王命放送の上に、私の配信が重なっている。視聴者の意思が燃料になって、術式が勝手に起動する。
水晶モニターに文字が出た。
【筆跡照合:対象A=告発文/対象B=王太子カイル直筆の公文書】
カイルが叫ぶ。
「やめろ! それは国家機密だ!」
「国家機密って便利だよね。嘘を守る呪文」
モニターに、二つの文字列が並ぶ。
筆圧の癖。払いの角度。文字間の呼吸。
鑑定術式が、冷たい声で結論を出す。
【一致率:98.7%】
一拍遅れて、広場が爆発したみたいに騒がしくなった。
コメントはもう文字じゃない。刃みたいに刺さる。
《王子の字!?》《偽造確定》《スカーレット嵌められた?》
カイルは、すぐに“優しい顔”に戻した。
「落ち着け、民よ。鑑定術式にも誤差はある。悪意ある改竄の可能性――」
「誤差? 98.7で?」
私は首輪を指で叩いた。光が、嫌な音で震える。
「ねえカイル。私の罪状の紙、あなたが書いたんだよね」
「あなたの字って、綺麗だもん。王太子にふさわしい“正しい字”」
「でもさ。字って、嘘つけないんだよ」
カイルの目が、私の精霊石に吸い寄せられる。
奪えない。壊せない。私の同意がないと定着しない。
だから、次に来るのは別の手だ。
彼は静かに息を吐き、笑った。
「……なら、こう言い換えよう。私が書いた。だが、それは“国家のため”だ」
その瞬間、私は背筋が冷えた。
これが彼の本性。正義の皮じゃない。

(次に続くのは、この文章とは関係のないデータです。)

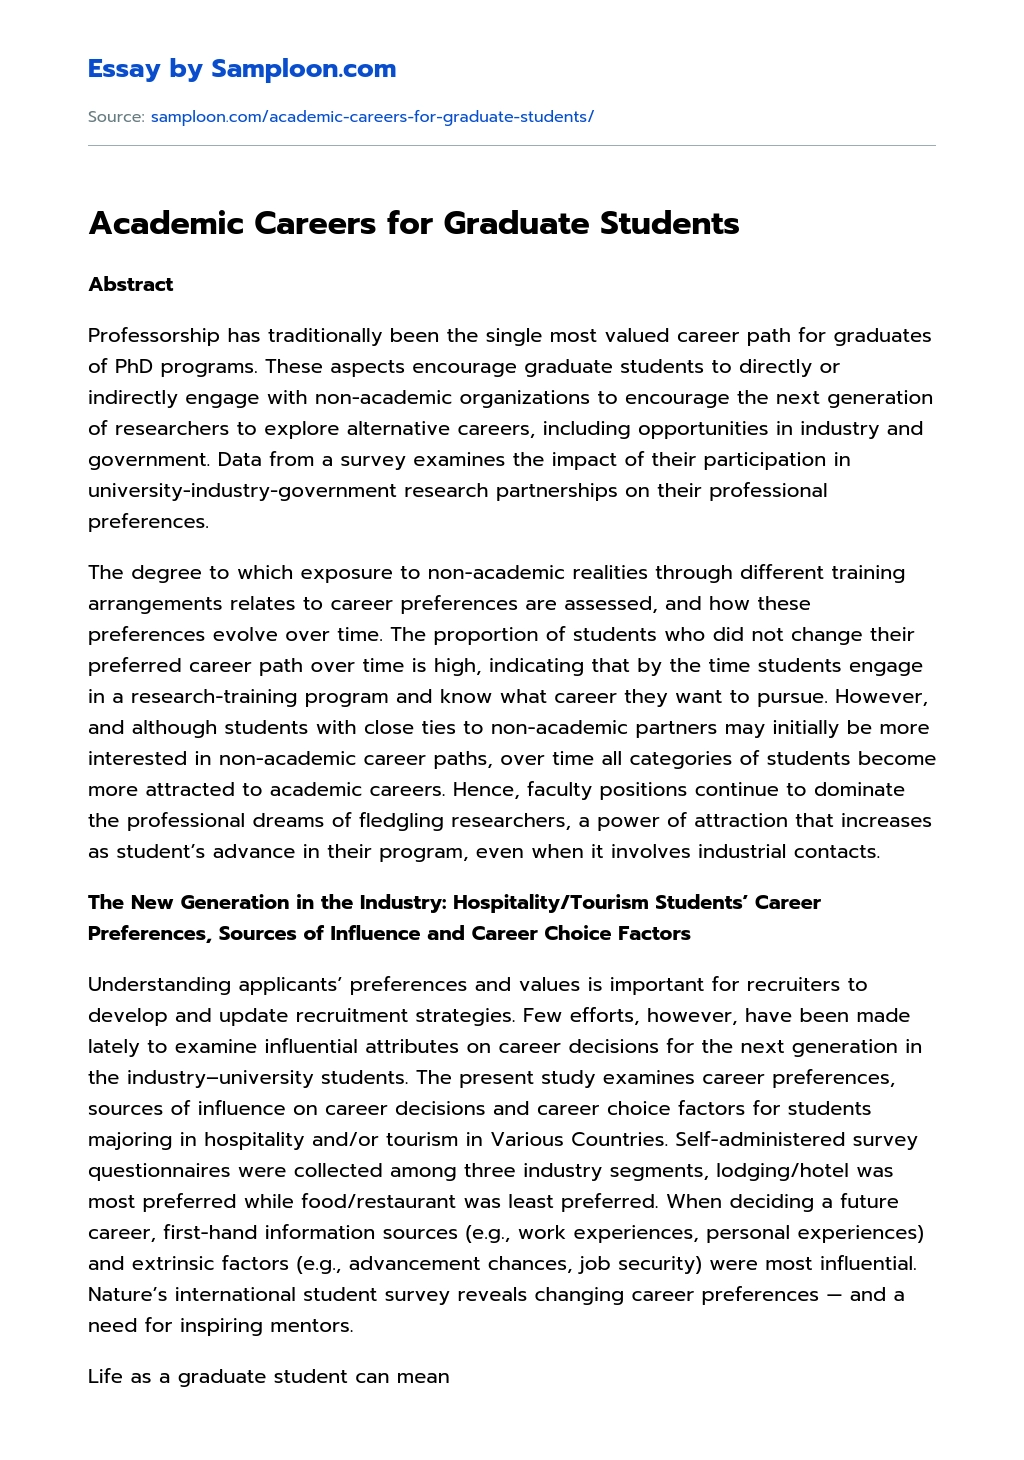 Academic Careers for Graduate Students essay

“正義そのもの”を盾にする怪物。
「国家のためなら、人ひとり殺していい?」
「いいに決まっている」
カイルは、優しい声のまま断言した。
コメントが一斉に止まった。
止まった分だけ、空気が重くなる。精霊力が凝固して、処刑台を覆う透明な殻になる。
私は気づく。
――これ、守ってくれてるんじゃない。
怒りが、形になってる。
カイルは私に近づき、誰にも聞こえない声で囁いた。
「お前は、今ここで勝てる。だが次は違う」
「配信が切れた瞬間、お前はただの罪人に戻る」
彼は私の喉元の首輪を見て、微笑んだ。
「そして私は、“お前の声”を先に殺す」
その言葉の意味が、遅れて刺さった。
声を殺す。配信を殺す。民の多数派を、作り直す。
私は笑えなくなる。
残り時間は、もう“10分”じゃない。
私の命のカウントダウンは――回線の向こうで始まっている。